The American nun was originally charged with “taking care of the computers.” In the early 1990s, an American Franciscan, Sr. Judith Zoebelein, was entrusted by Pope John Paul II with the daunting task of bringing the Vatican into the digital age. Twenty-five years after the opening of the Vatican’s first web page, the website of the Catholic Church in Germany katholisch.de interviewed this quiet pioneer who changed the history of the world’s smallest state.
In 1991, Sr. Judith arrived at the Vatican to “take care of the computers,” she says, brought in by the new Prefect of the Administration of the Patrimony of the Apostolic See (APSA), Cardinal Rosalio Castillo Lara. Computers were nothing like they are today —especially in Italy—and the cardinal entrusted the American sister with the task of establishing norms to standardize the use of computer equipment in the Vatican.
In 1994, the “internet took off,” especially email. Some Vatican officials began to take an interest, she says. Joaquín Navarro-Valls, the charismatic director of the Holy See’s Press Office, proposed putting the Vatican “online.” The idea was presented to Pope John Paul II, who was “a great visionary,” according to Sr. Zoebelein. The pontiff accepted “immediately,” seeing it as a great opportunity for evangelization. On Christmas Day 1995, the first page of the official Vatican website, vatican.va, went online.
Everything accelerated then, the pages growing “like mushrooms,” each dicastery of the Holy See adding—at the sister’s initiative—its stone to the edifice. Sr. Zoebelein worked almost alone, with the help of a technician in charge of the servers. She was in charge of the content and developed the layout. It is to her that we owe the “parchment” background still used by the Vatican website today. She explains that she chose it to represent “2,000 years of Church history.”
Even the pope is accessible
Sr. Zoebelein explains that she has been particularly concerned to communicate the two essential parts of her work: the technical and the human. However, she encountered some reticence within the Roman Curia, such as one monsignor who told her that the internet “is a gateway for the devil.” Nonetheless, she had the support of the main heads of the Curia, and especially of the Pope, who in 2001 decided to promulgate an apostolic exhortation directly online, Ecclesia in Oceania.
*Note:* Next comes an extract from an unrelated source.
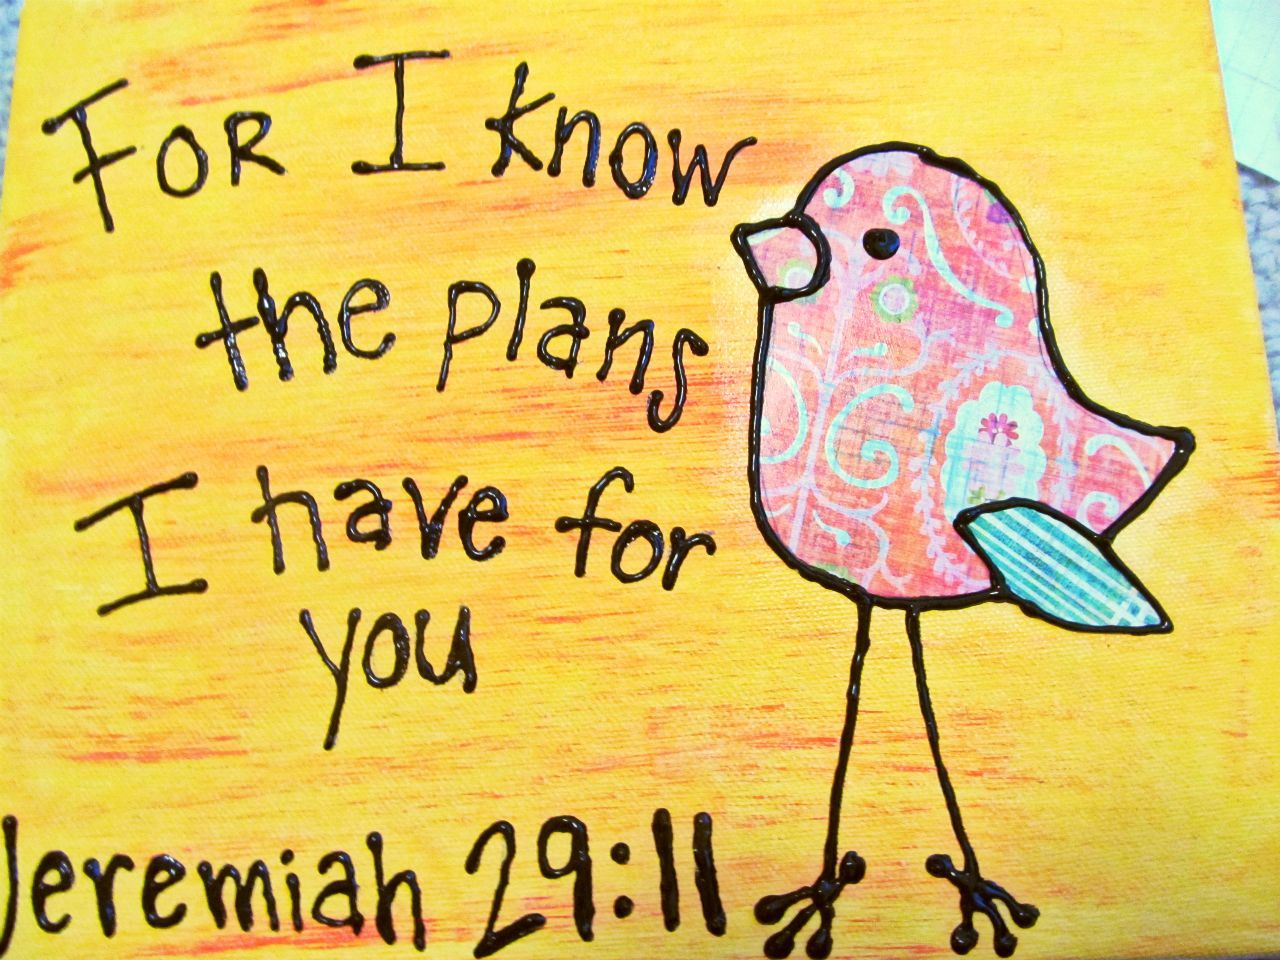 DIY Jeremiah 29:11 Painting

Sr. Zoebelein also set up the email address of the Successor of Peter, which has met with immense success since its launch. When he fell ill with the flu on December 24, 1995, the pontiff saw his mailbox flooded with advice and remedies to help him recover. “The pope had always been a mysterious, untouchable and distant person,” explains the American religious, “then came the internet, and suddenly he became someone who seemed much more accessible.”
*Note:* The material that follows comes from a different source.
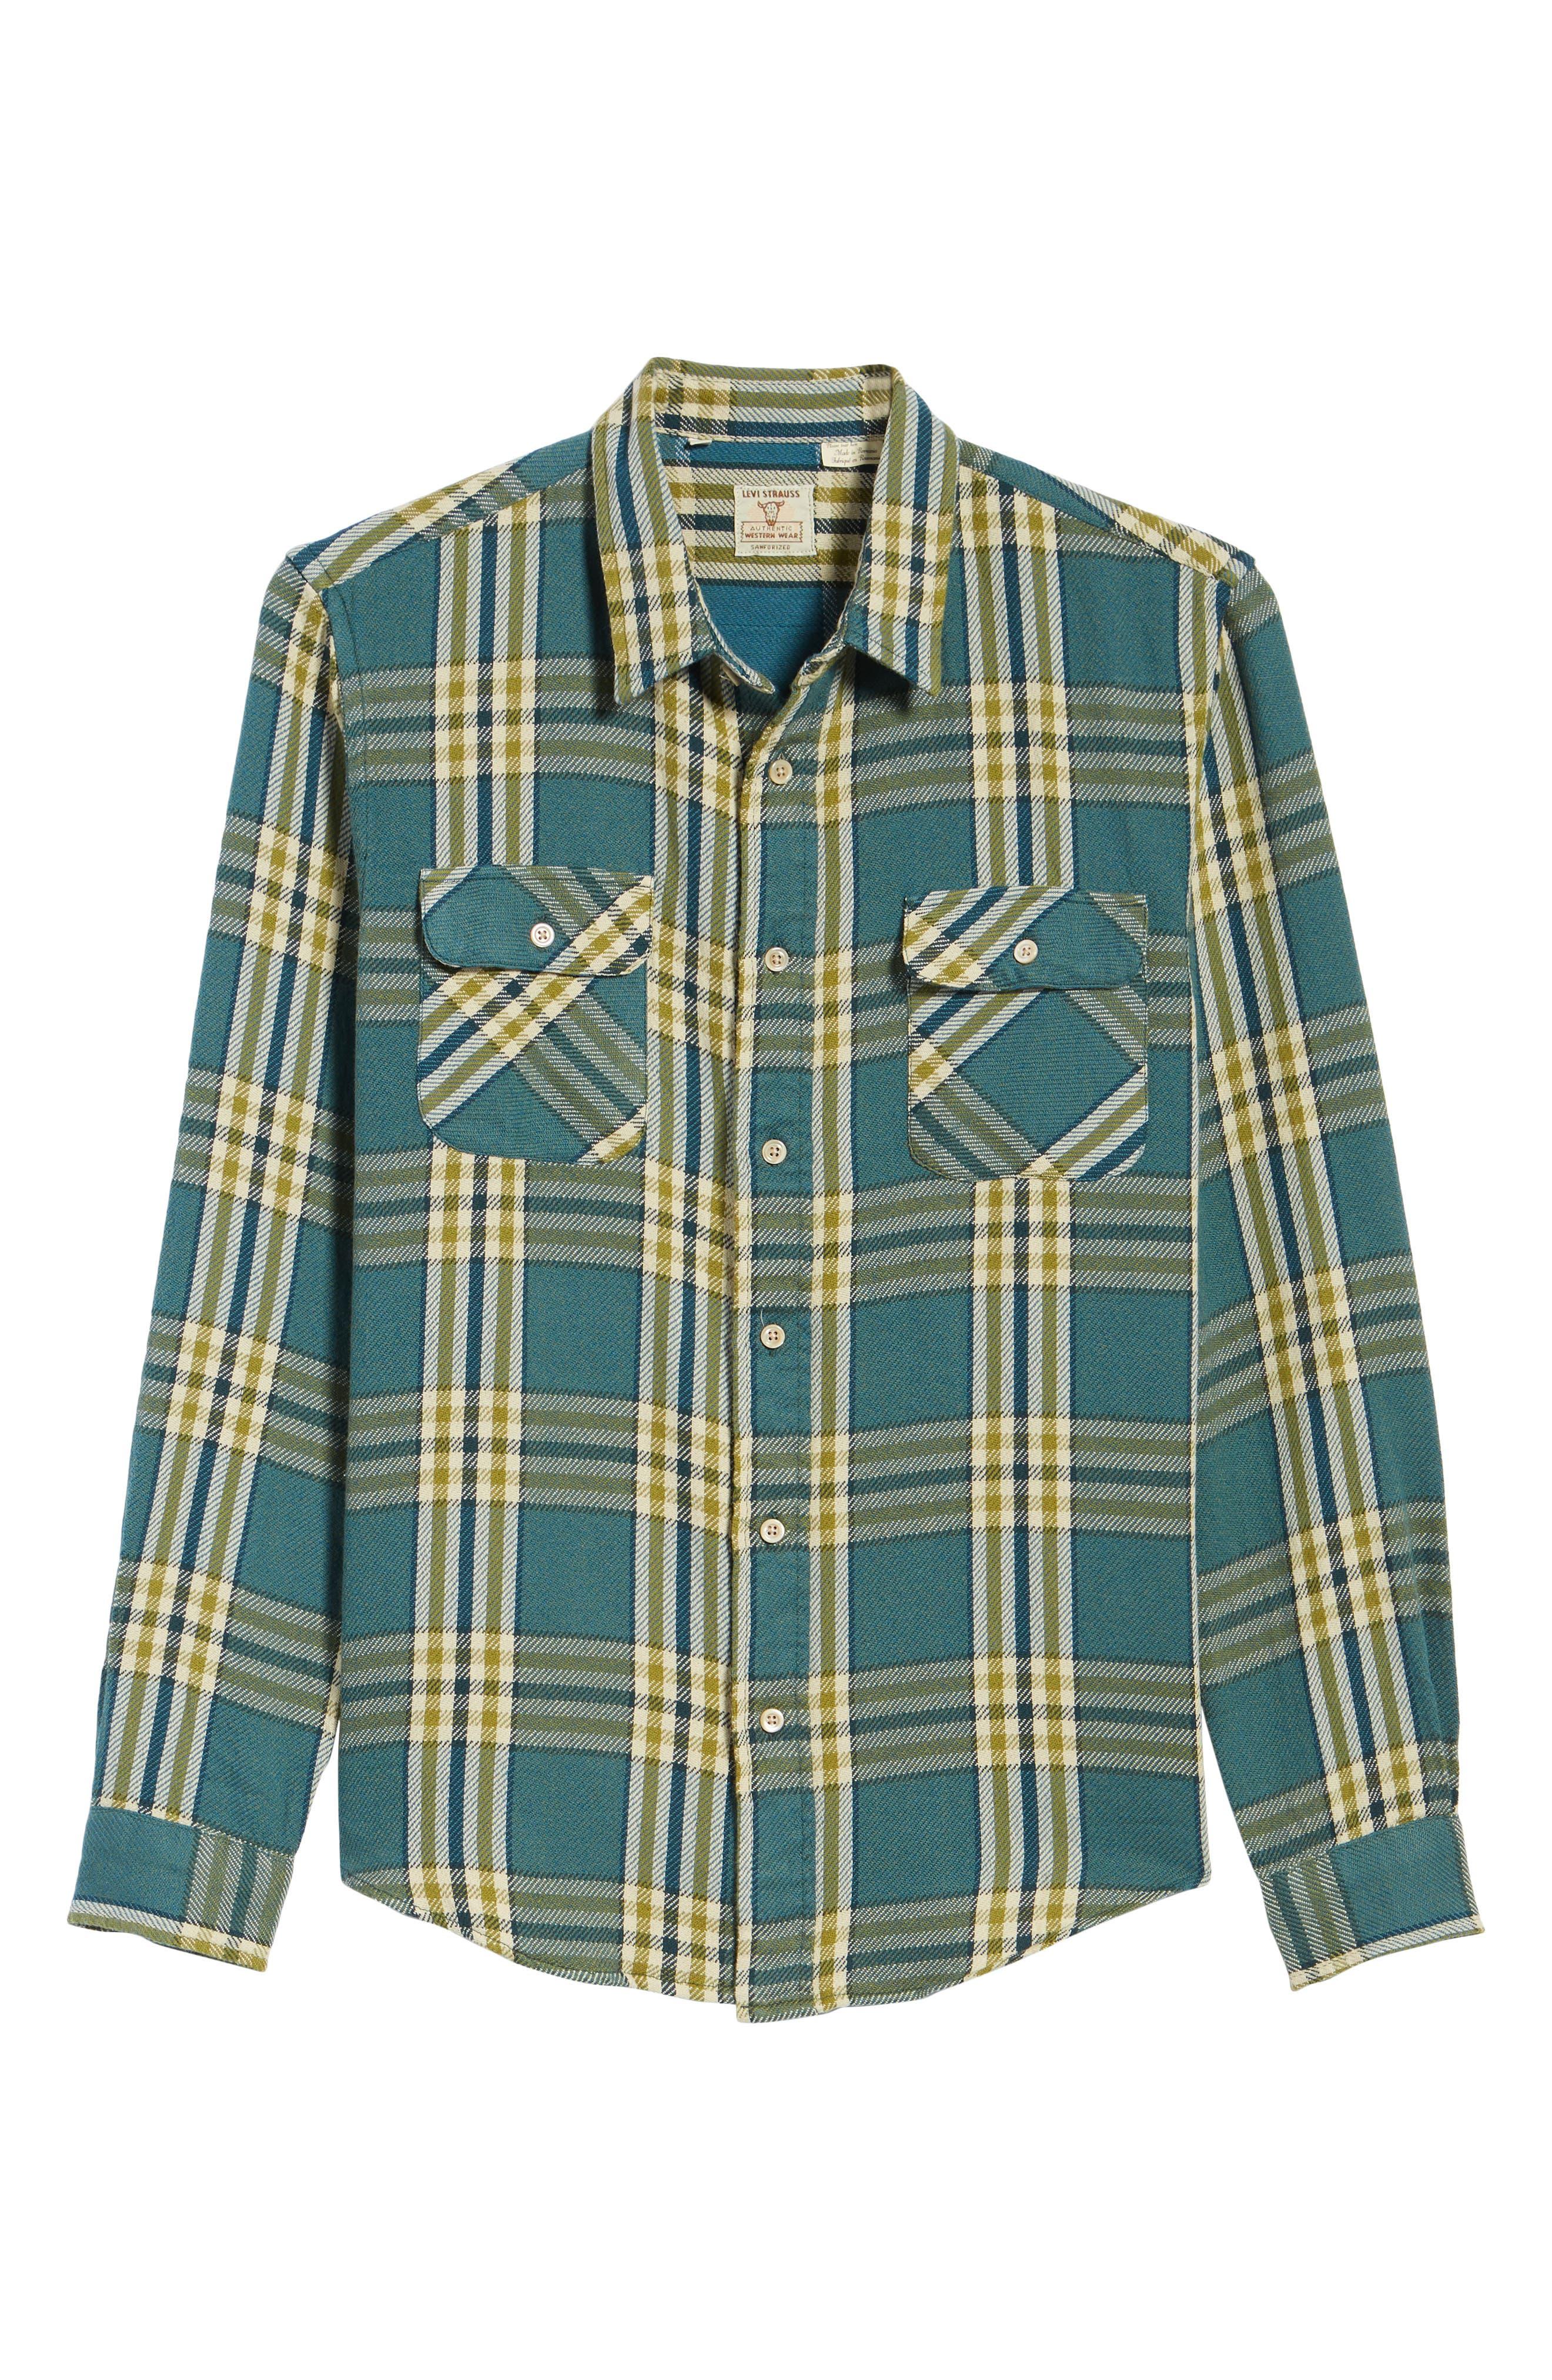 Shorthorn Western Shirt,                             Alternate thumbnail 6, color,                             400

In the beginning, the pope received all the emails. However, the number became too large and he was given a selection of them, the others being nevertheless stored on CD-ROM by the archives of the Holy See.
A spirituality of technology
Sr. Zoebelein refuses to demonize the digital world: it “is also part of Creation” through the work of humanity, she insists, certain that “God also has a place in His plan for technology.” Moreover, she would be in favor of Carlo Acutis, recently beatified, being the official patron saint of the internet. This young man, she says, “lived and breathed the internet” all his life, and had a true understanding of the “spirituality of technology.”